La baie des Îles s'annonce bien avant le mouillage : des collines vert tendre, des voiliers à l'ancre et une lumière qui fait scintiller chaque crique. Les navires avancent lentement entre les caps boisés, et les ponts se remplissent tôt, car le décor du nord de la Nouvelle-Zélande se déguste dès l'approche. C'est ici que la nation elle-même est née, et l'escale marie comme nulle part ailleurs la douceur du paysage et le poids de l'histoire.
Un débarquement en douceur
Les navires jettent l'ancre dans la rade et les transbordeurs déposent la plupart des passagers au quai de Waitangi ; certaines compagnies proposent aussi une liaison directe vers Russell. La navette maritime demande une quinzaine de minutes et offre déjà un beau point de vue sur les mouillages. Dès le débarcadère, des kiosques d'information et d'excursions permettent d'organiser sa journée sur place, sans réservation préalable ; les activités les plus courues partent toutefois tôt, mieux vaut ne pas traîner. Prévoir une veste légère : le temps néo-zélandais change vite, et une averse passagère n'empêche jamais le soleil de revenir dans l'heure.
Waitangi, là où tout a commencé
À une dizaine de minutes de marche du quai s'étend le domaine du traité de Waitangi, l'un des lieux les plus chargés de sens du pays. C'est ici qu'en 1840 chefs maoris et représentants de la Couronne britannique ont signé le texte fondateur de la Nouvelle-Zélande moderne. On y observe la maison du traité, une immense pirogue de guerre cérémonielle et une maison de réunion sculptée dont chaque poteau raconte un ancêtre. Les guides maoris partagent leur lecture des lieux avec une générosité qui marque les visiteurs ; prévoir au moins deux heures pour saisir la portée du site, davantage si un spectacle culturel figure au programme.
Paihia et les chutes Haruru
Des navettes relient le quai à Paihia, la petite station balnéaire voisine, à environ deux kilomètres.

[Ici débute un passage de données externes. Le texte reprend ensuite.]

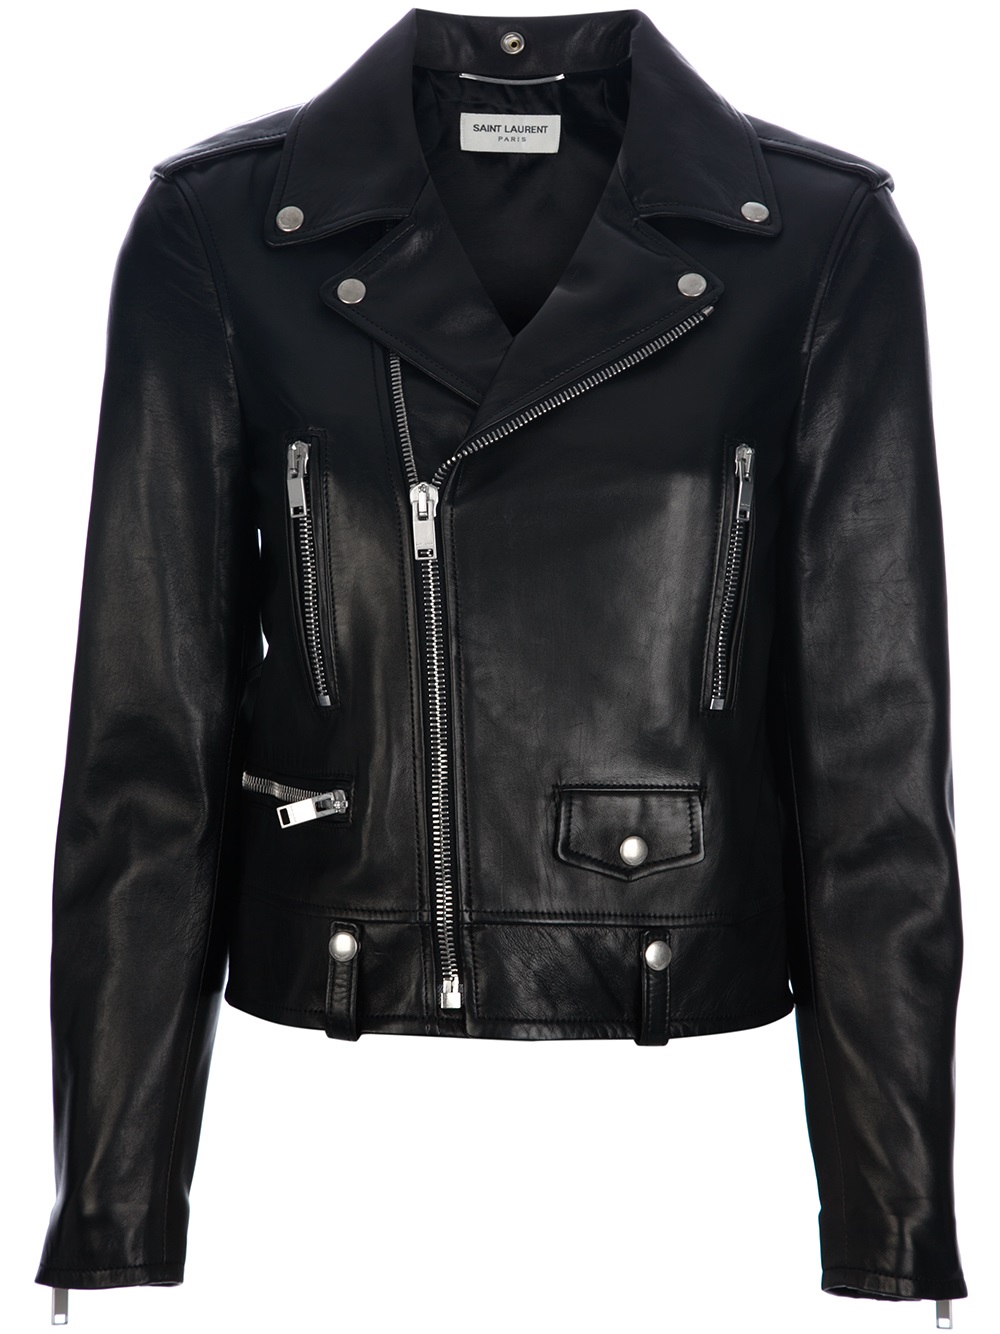 Lyst - Saint Laurent Biker Leather Jacket in Black

Boutiques, cafés et plages s'y succèdent le long du rivage, entre les pohutukawas qui fleurissent rouge en décembre, et les terrasses face aux îles invitent à un poisson grillé ou à un cornet de crème glacée au rythme local, c'est-à-dire sans se presser. Les marcheurs pousseront jusqu'aux chutes Haruru, à quelque six kilomètres, où l'eau tombe en fer à cheval dans un bassin bordé de fougères — une forme rare qui vaut l'effort.
Russell, l'ancien repaire des baleiniers
Depuis Paihia, un traversier franchit la rade en une quinzaine de minutes vers Russell. Difficile d'imaginer que ce village aux villas coloniales fleuries fut au XIXe siècle un port baleinier à la réputation sulfureuse. On y flâne aujourd'hui entre le bord de l'eau, les galeries et la mission Pompallier, une maison de terre crue où des missionnaires catholiques français imprimaient des ouvrages en langue maorie. La promenade se termine bien autour d'un café, à une table tournée vers les voiliers.
Prendre le large
La baie compte des dizaines d'îles et d'îlots, et plusieurs excursions en bateau partent directement des quais. La plus courue file jusqu'au cap Brett et à son célèbre rocher percé, que les vedettes traversent quand la houle le permet. Dauphins et oiseaux marins accompagnent souvent la sortie, et les capitaines prennent le temps de couper les moteurs quand une rencontre se présente. Ceux qui préfèrent la terre ferme trouveront des sentiers côtiers avec vues plongeantes sur les mouillages et les plages désertes.
Au retour, depuis le pont du transbordeur, la baie déploie une dernière fois ses collines et ses voiles blanches. On comprend alors pourquoi les Maoris, puis les baleiniers, puis les plaisanciers du monde entier ont choisi cet abri : certaines rades ne se contentent pas d'accueillir les navires, elles les retiennent.